= Uttrøndelag =

District in Trøndelag, Norway

Uttrøndelag is a sub-region consisting of the southern part of the county of Trøndelag, Norway. Administratively, the term was often used to describe the parts of the former county of Sør-Trøndelag excluding Trondheim. In this definition it gave name to for instance Uttrøndelag Police District (1910–2001).

==Definition==
When used in the context of government bodies, Uttrøndelag has been used for the former parts of Sør-Trøndelag, when Trondheim needed to be excluded. However, the term lacks a precise definition, and was also sometimes used as a synonym for Sør-Trøndelag, or the coastal parts of Sør-Trøndelag. It had a counter-part in Inntrøndelag, which was north of Trondheim along the Trondheimsfjord.

Historically, the ancient Frostating area was subdivided into two sub-areas: Inntrøndelag, with its seat at Mære, and Uttrøndelag, with its head seat at Øra (today Trondheim).

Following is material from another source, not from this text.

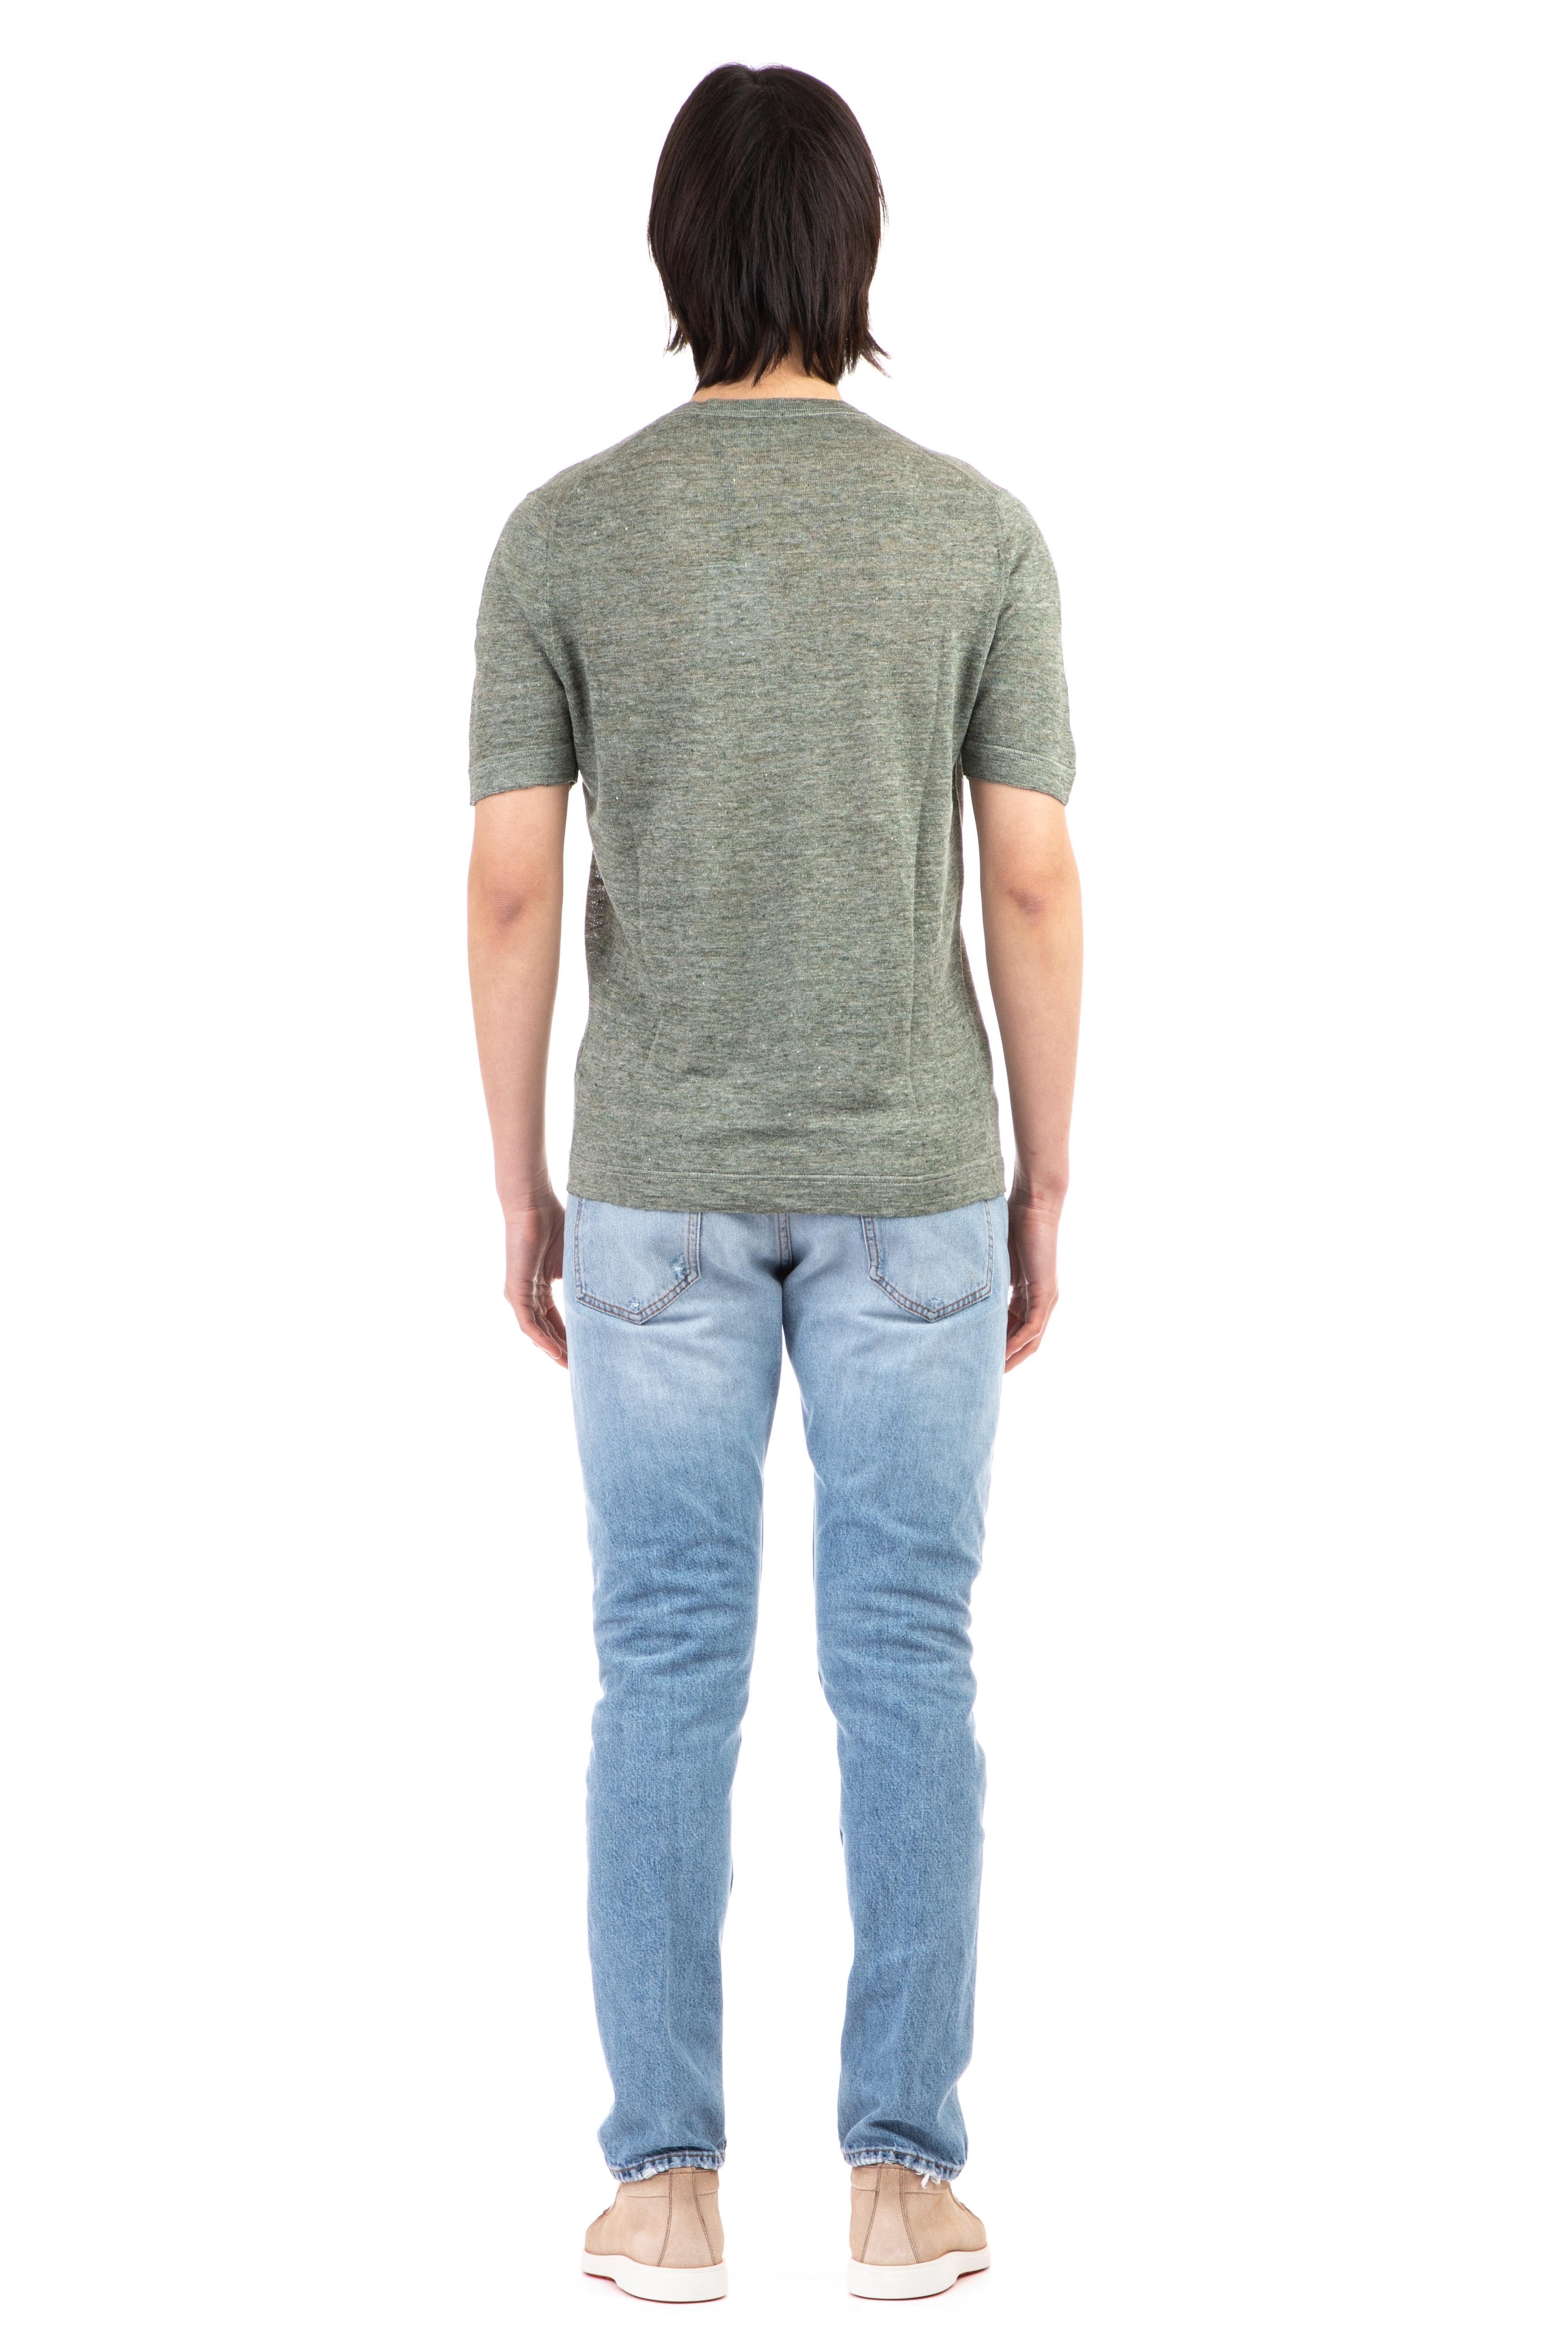 Linen T-shirt with double stitching collar
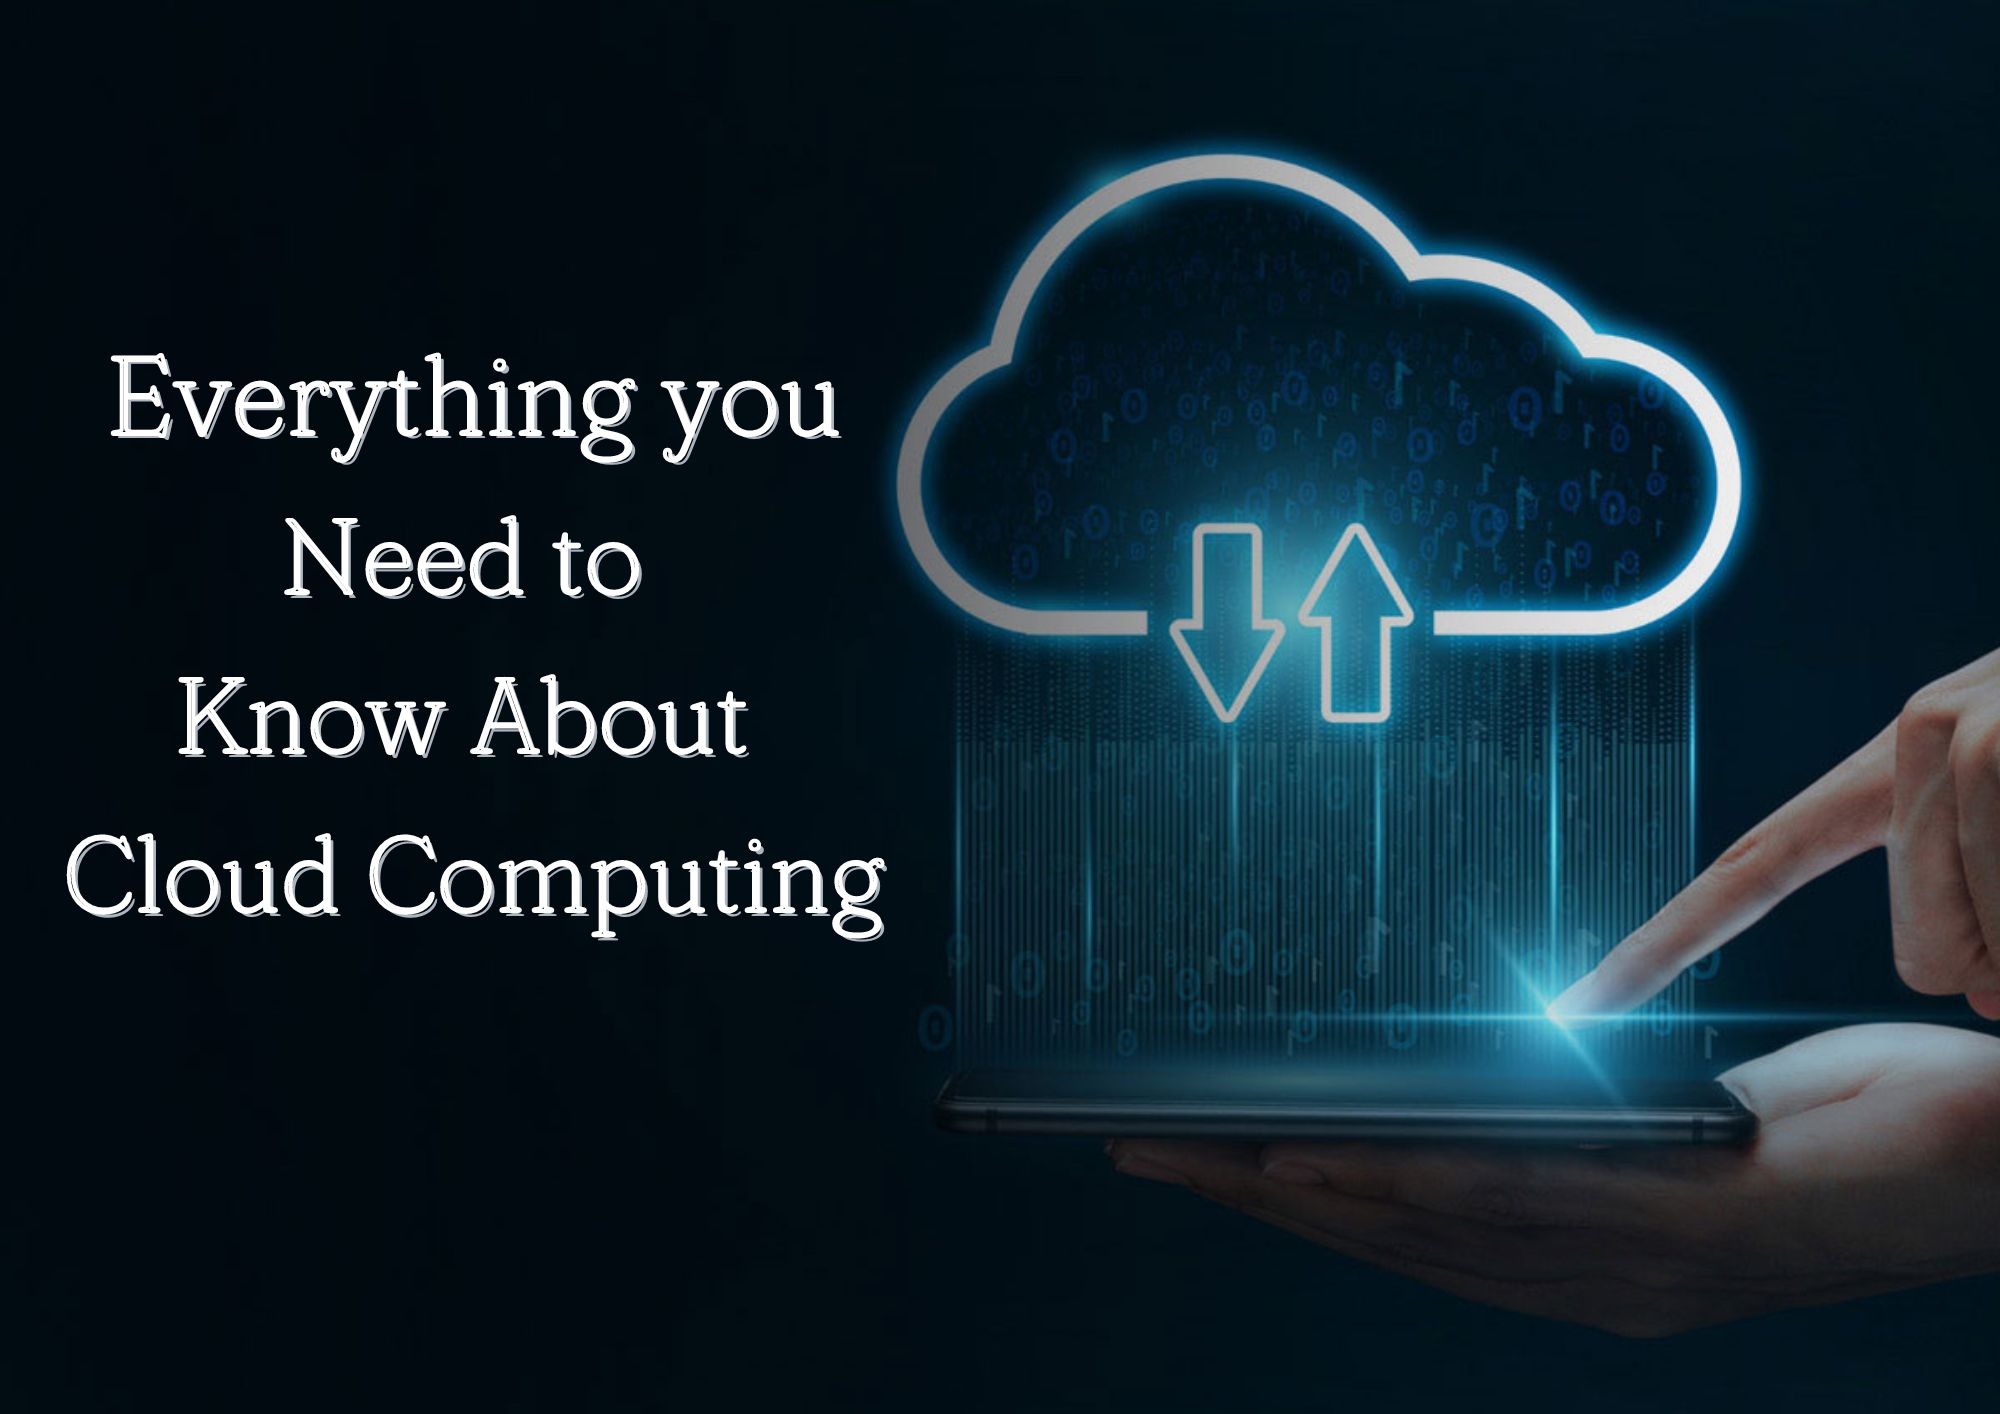 Everything you need to know about cloud computing

Uttrøndelag therefore consisted of four sub-counties: Stiordælafylki (Stjørdalen), Strindafylke (Trondheim and surroundings), Gauldølafylke (Gauldal) and Orkdølafylke (Orkdalen). The border between Inntrøndelag and Uttrøndelag therefor went through Frosta and Åsen, with those areas as well as the contemporary Stjørdalen belonging to Uttrøndelag.
==Linguistics==
The Trøndersk dialect of the Norwegian language is classified with two major grousp: Inntrøndersk and Uttrøndersk. Inntrøndersk follows the interior from Oppdal Municipality to Røyrvik Municipality, while Uttrøndersk is spoken along the coast. The linguistic categorization gives a different geographic area than most geographic definitions.